[[ Input data open ]]

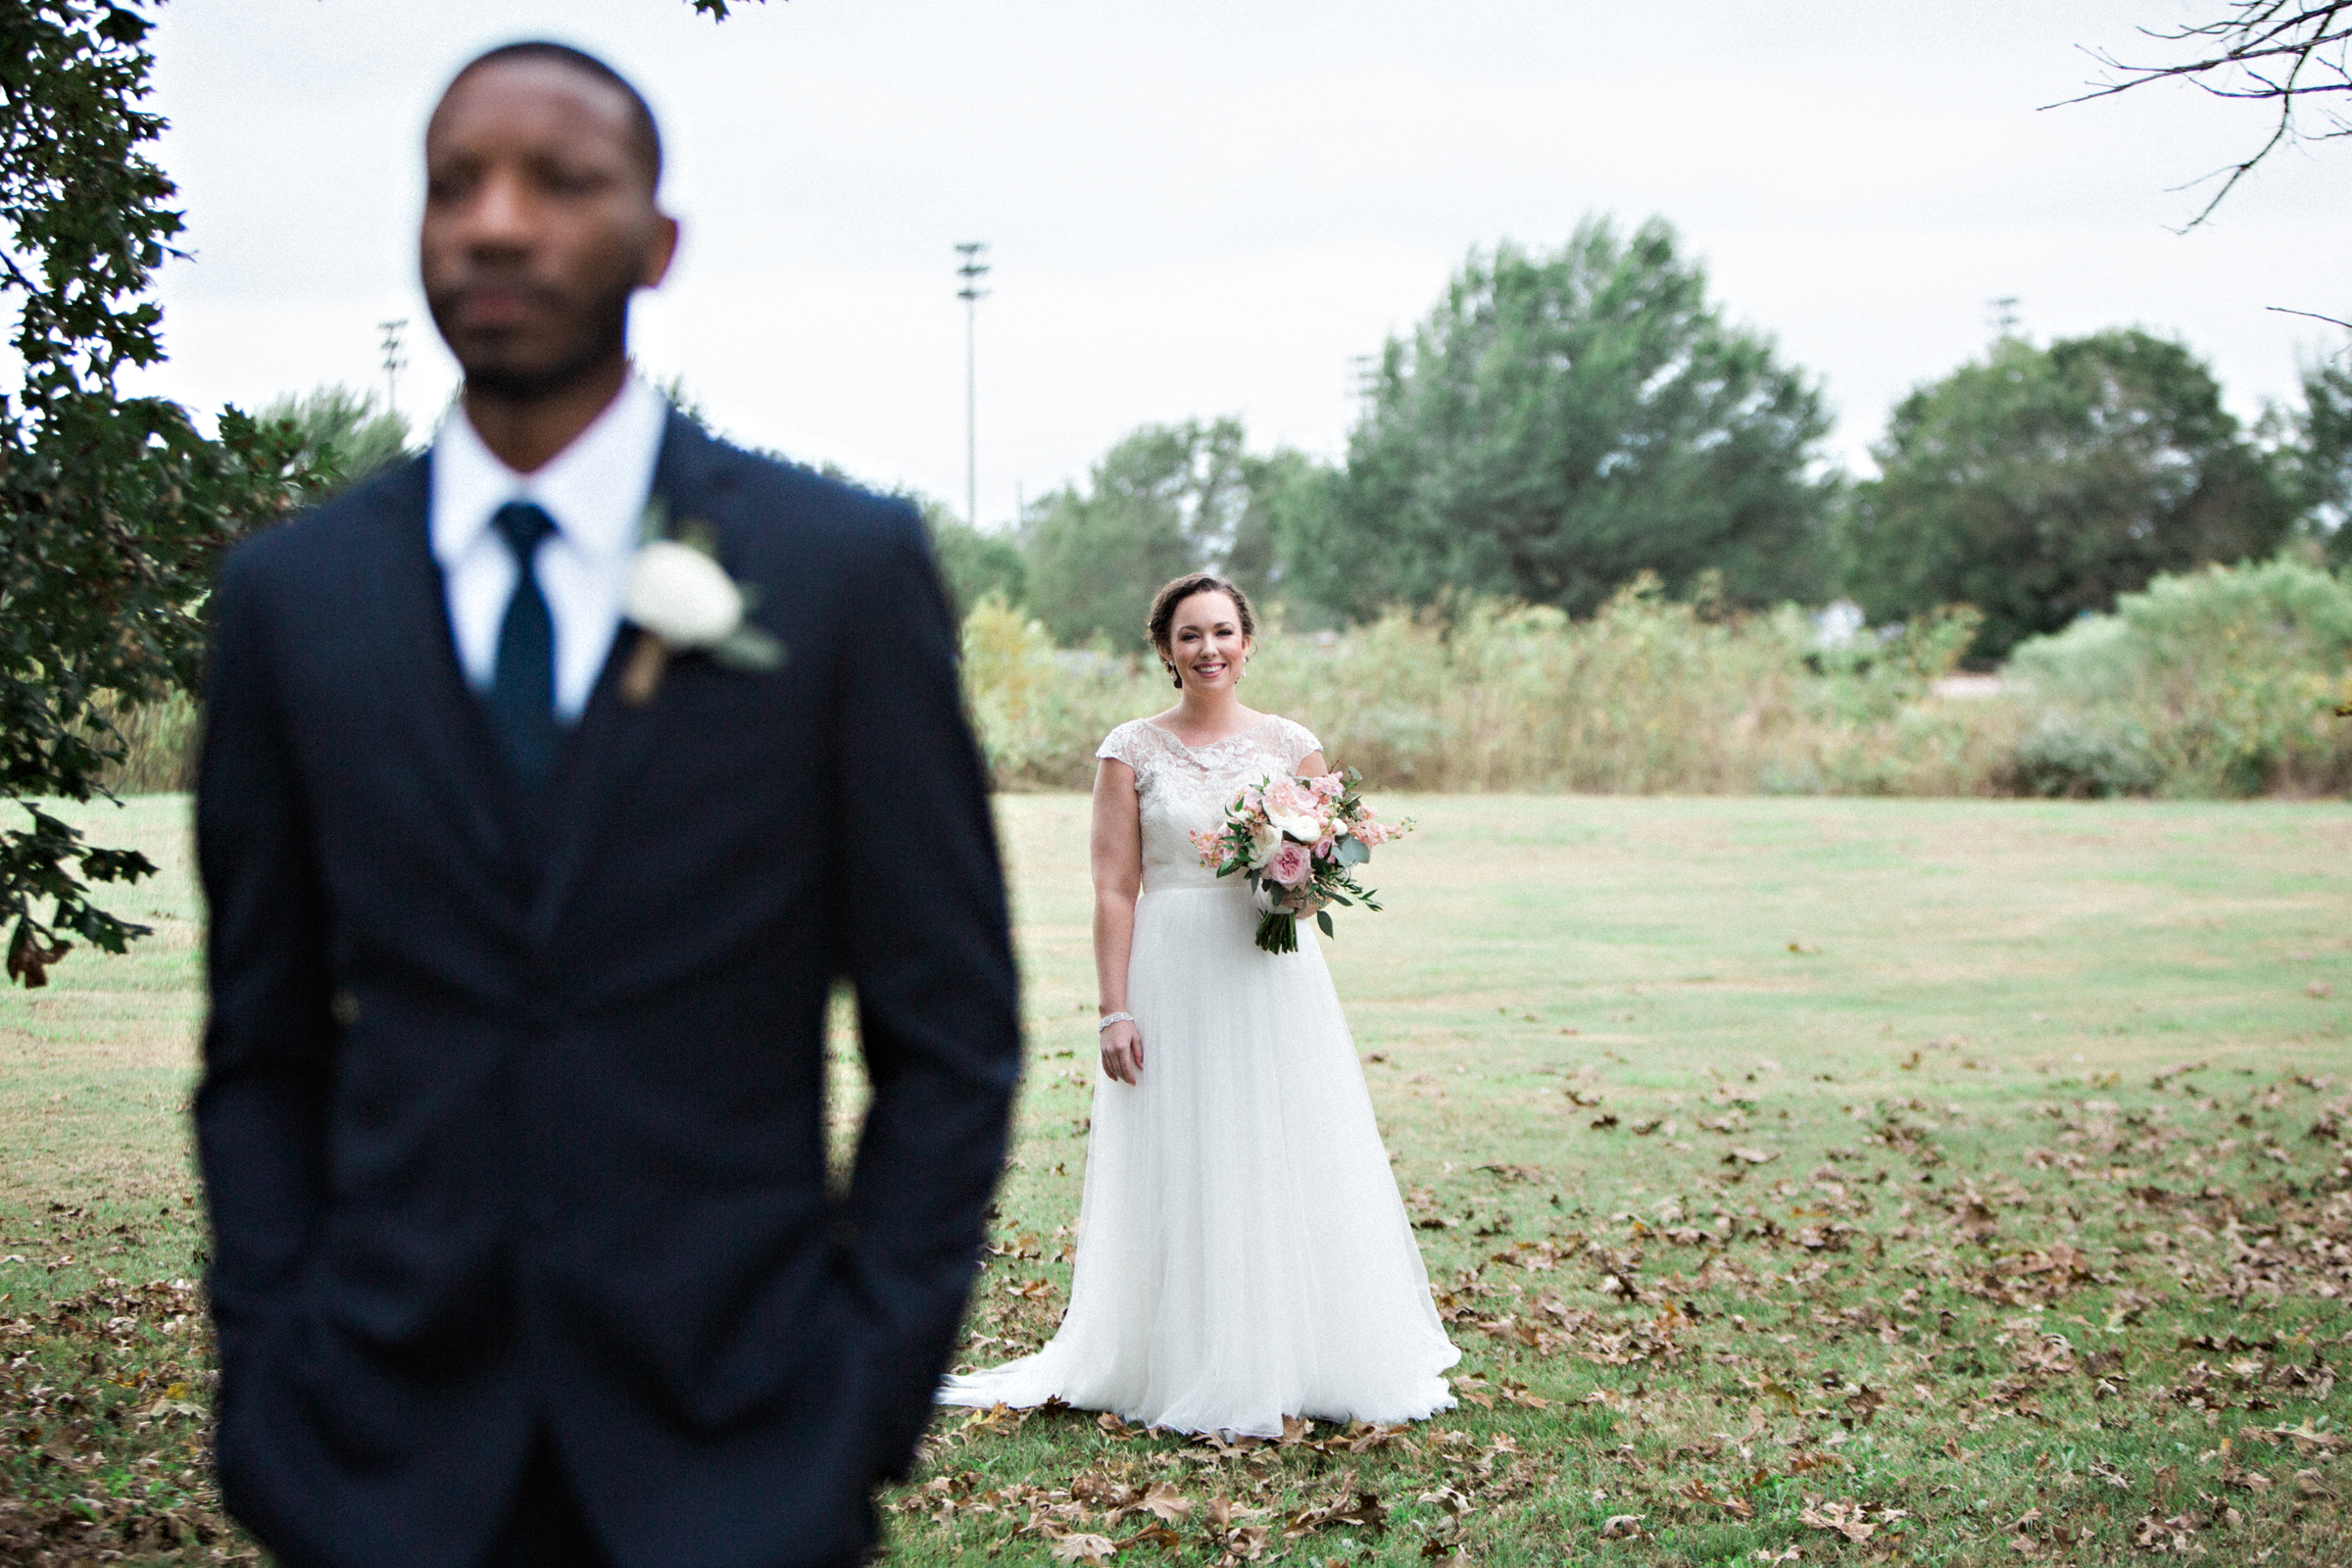 Alabama-Wedding-Photography-Nick-Drollette-Cory-Laura-116.jpg
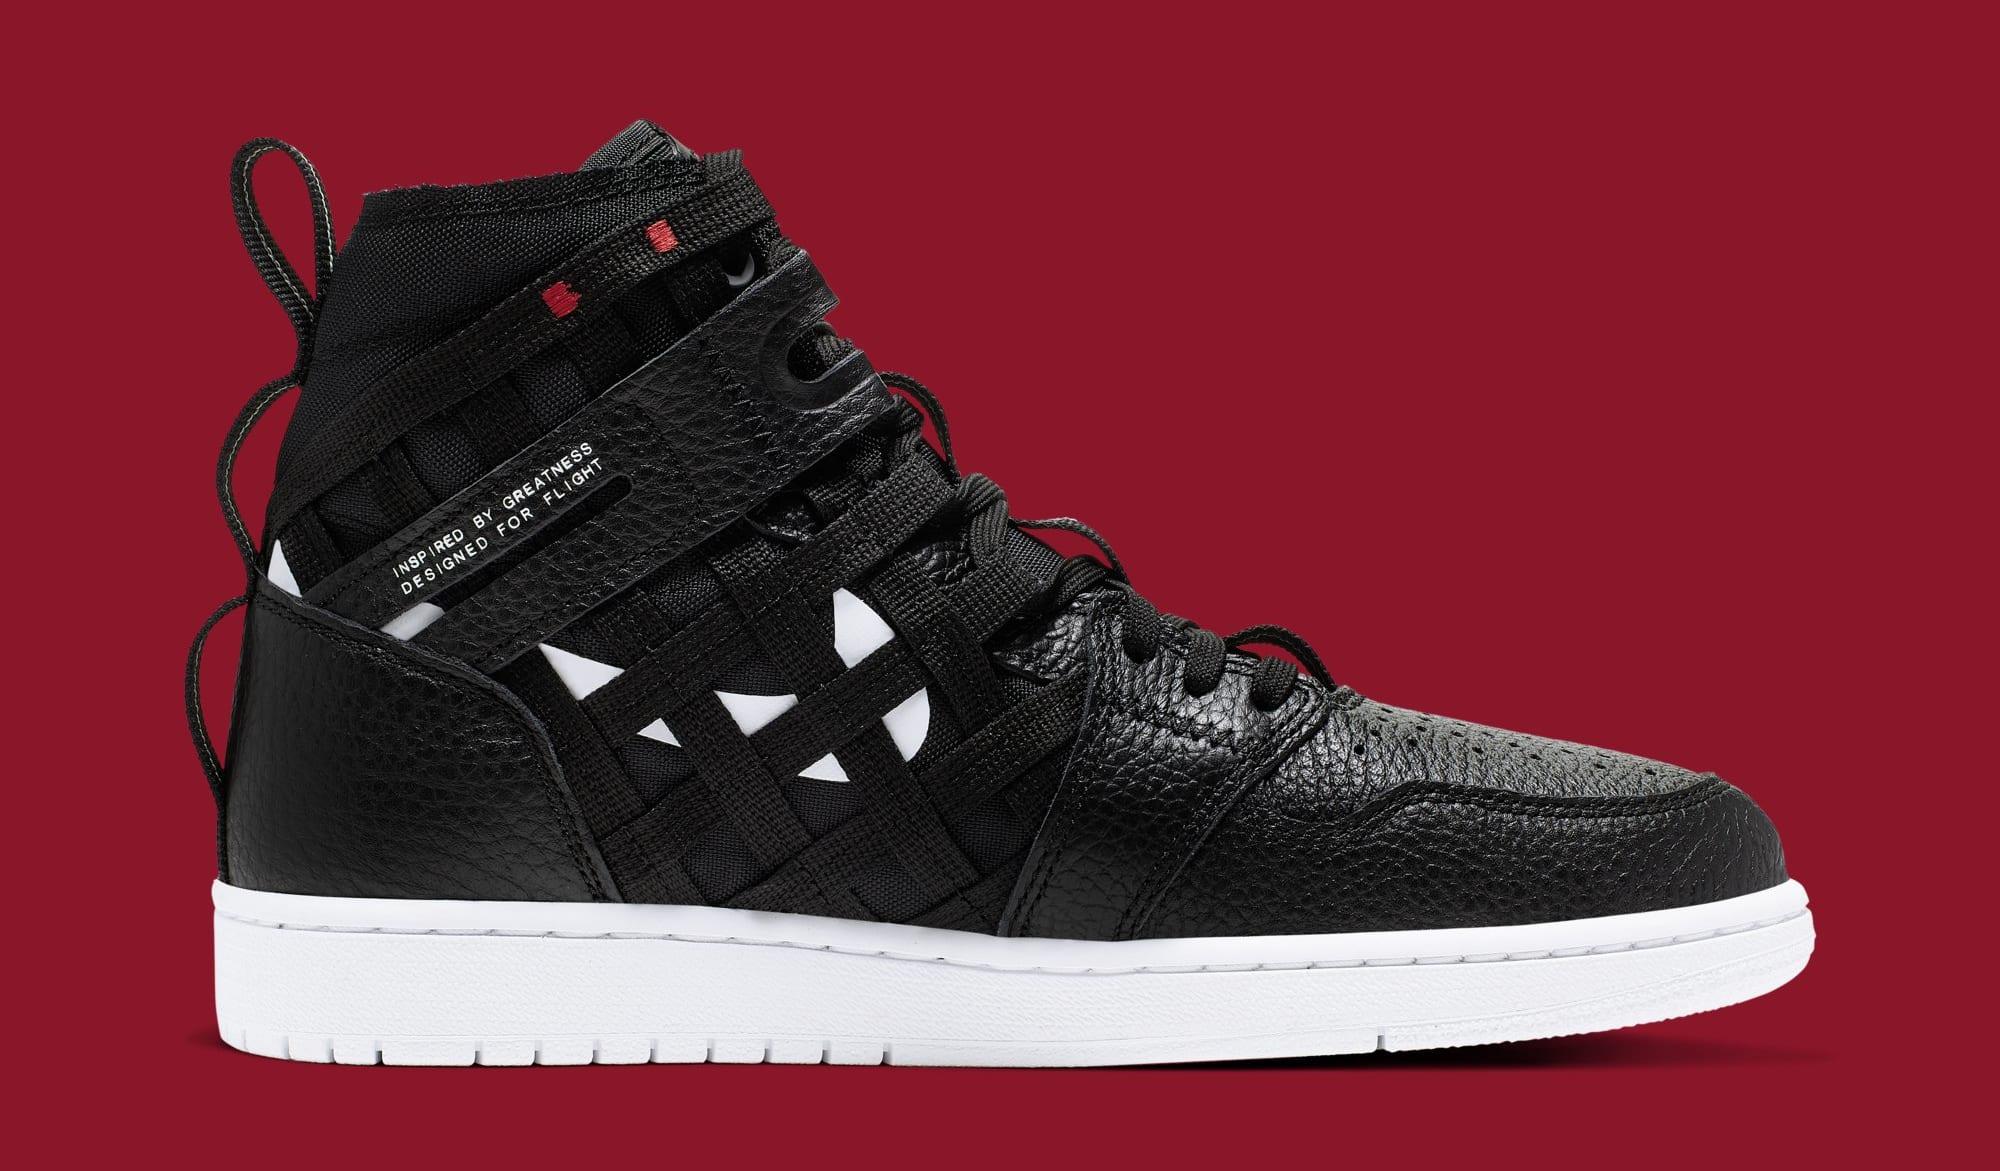 quality design d4ad8 bc1b3 Image via Nike WMNS Air Jordan 1 High Cargo  Black  CD6757-001 (Medial)
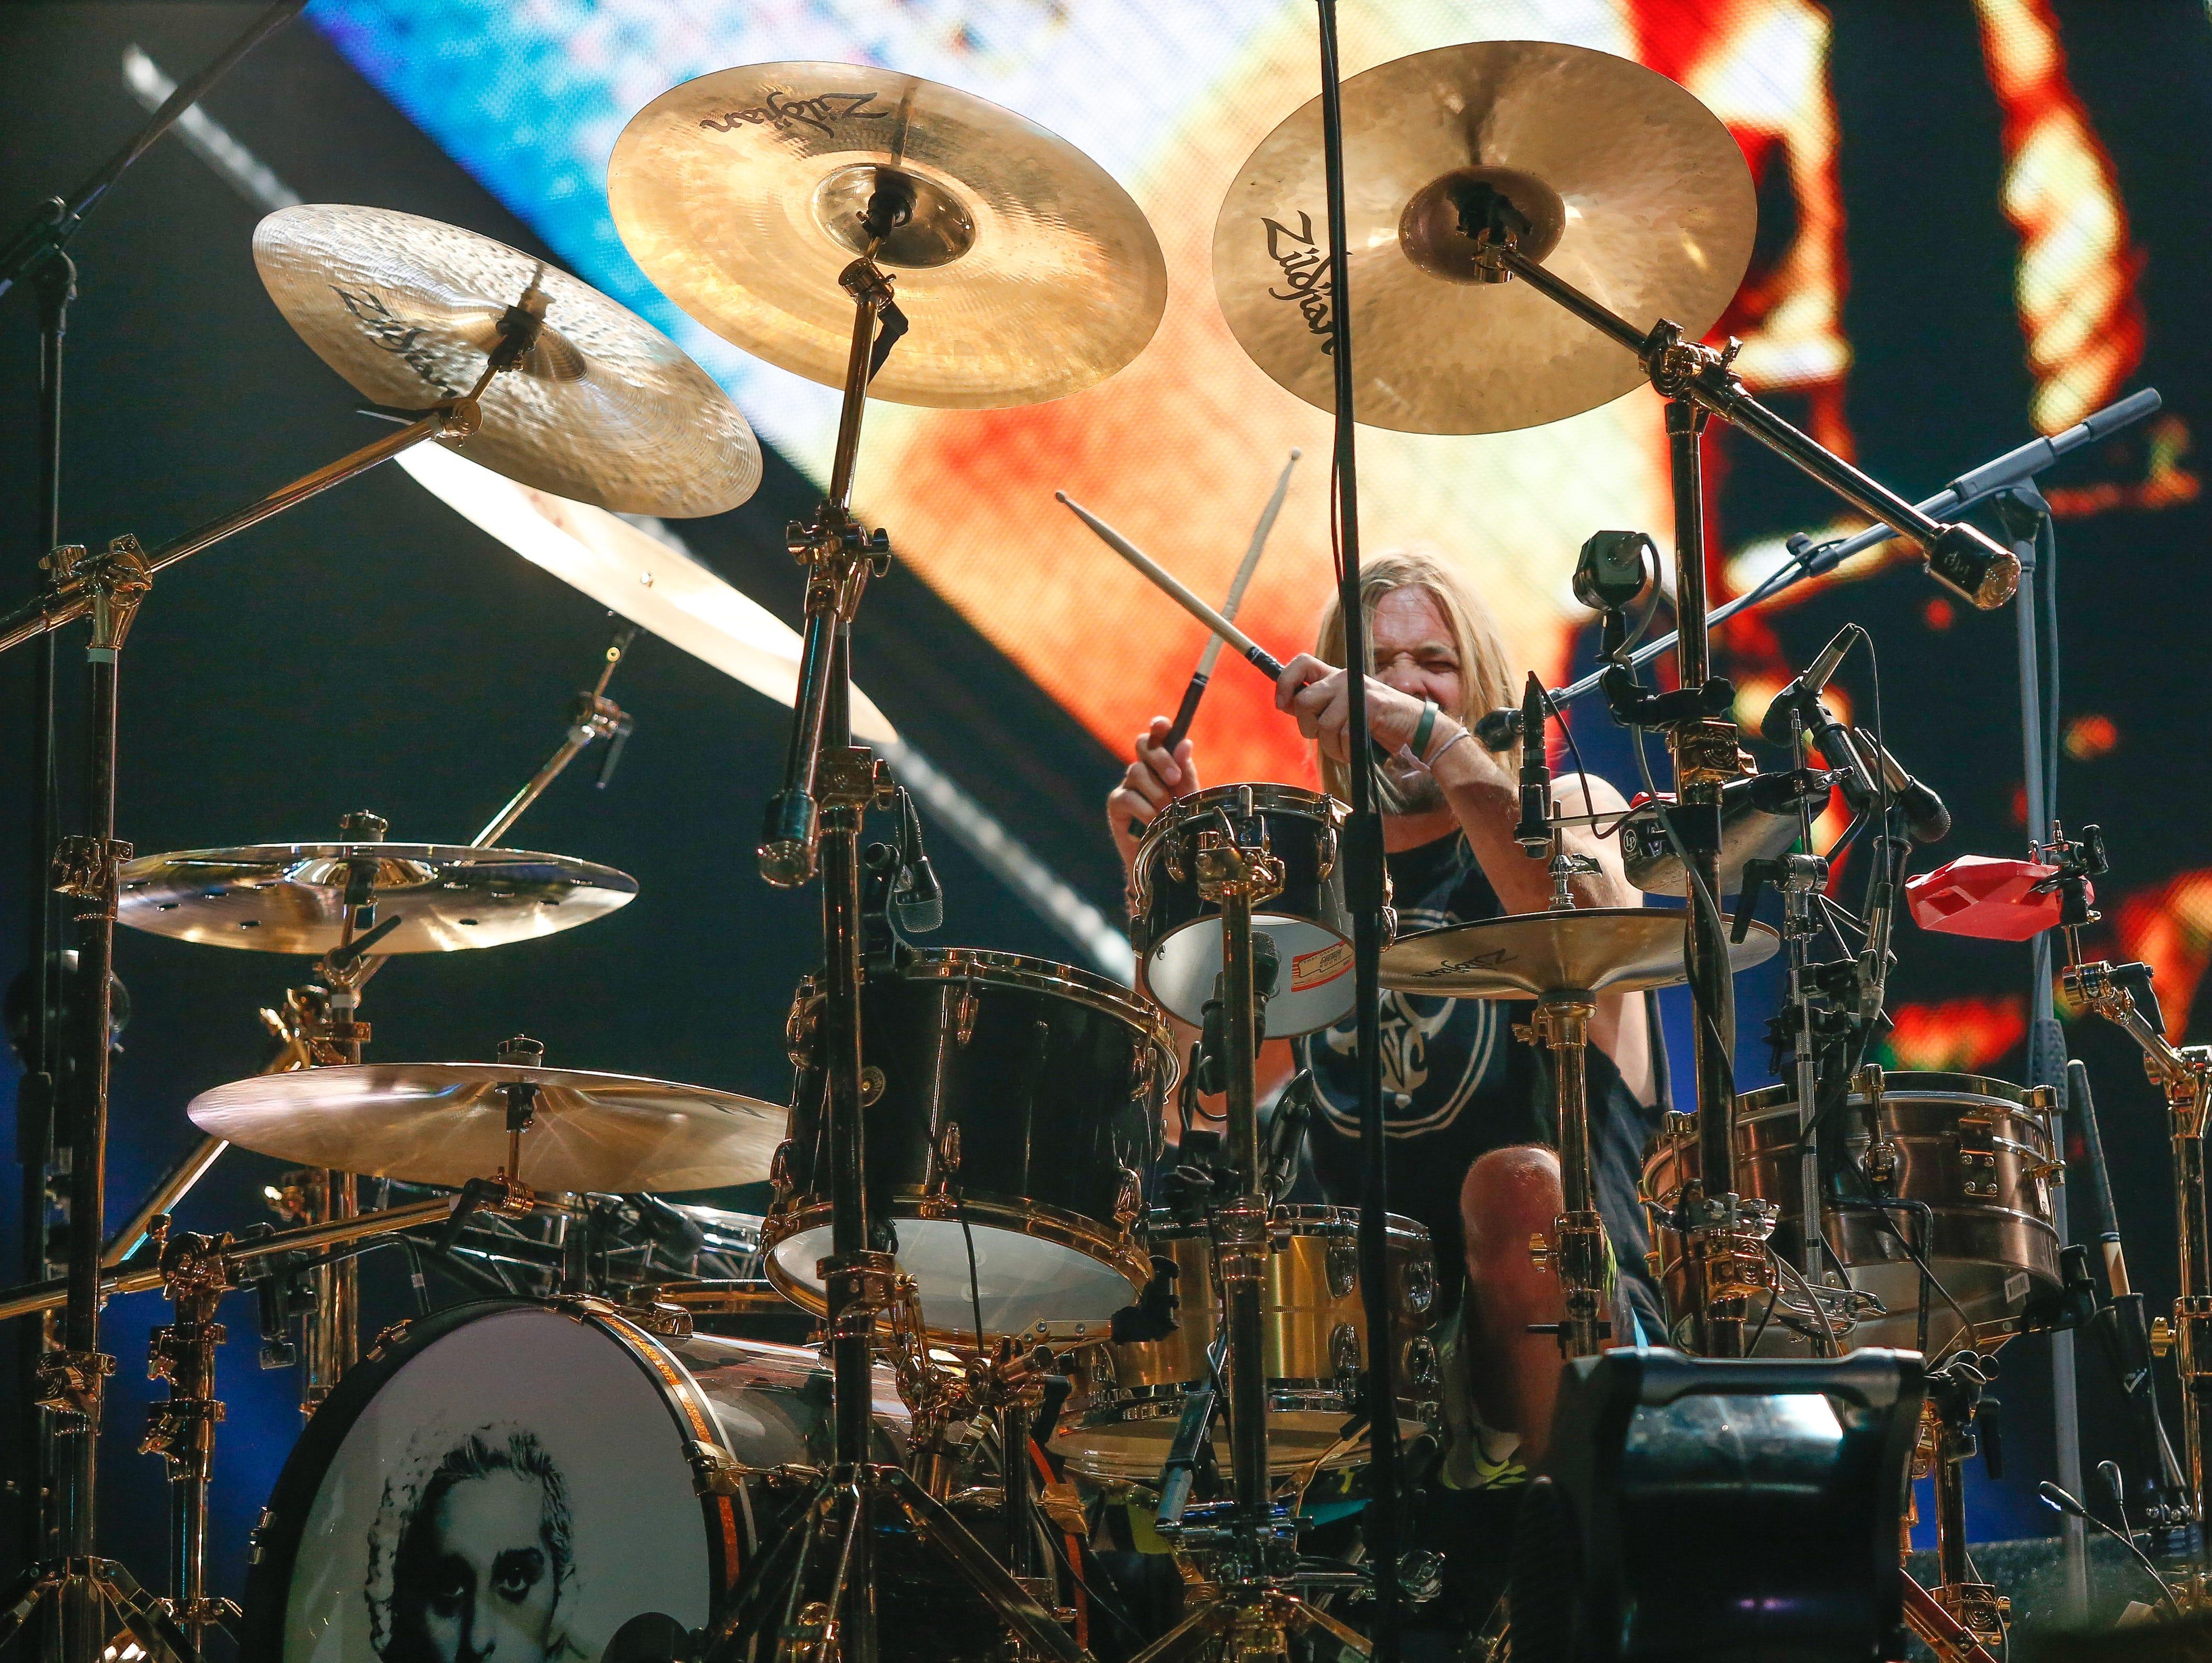 Drummer Taylor Hawkins of the Foo Fighters.

[[ Input data closed ]]

• Problem statement
Apart from the pictures, repeat the data above exactly.

• Written solution
 Alabama-Wedding-Photography-Nick-Drollette-Cory-Laura-116.jpg
 quality design d4ad8 bc1b3 Image via Nike WMNS Air Jordan 1 High Cargo  Black  CD6757-001 (Medial)
 Drummer Taylor Hawkins of the Foo Fighters.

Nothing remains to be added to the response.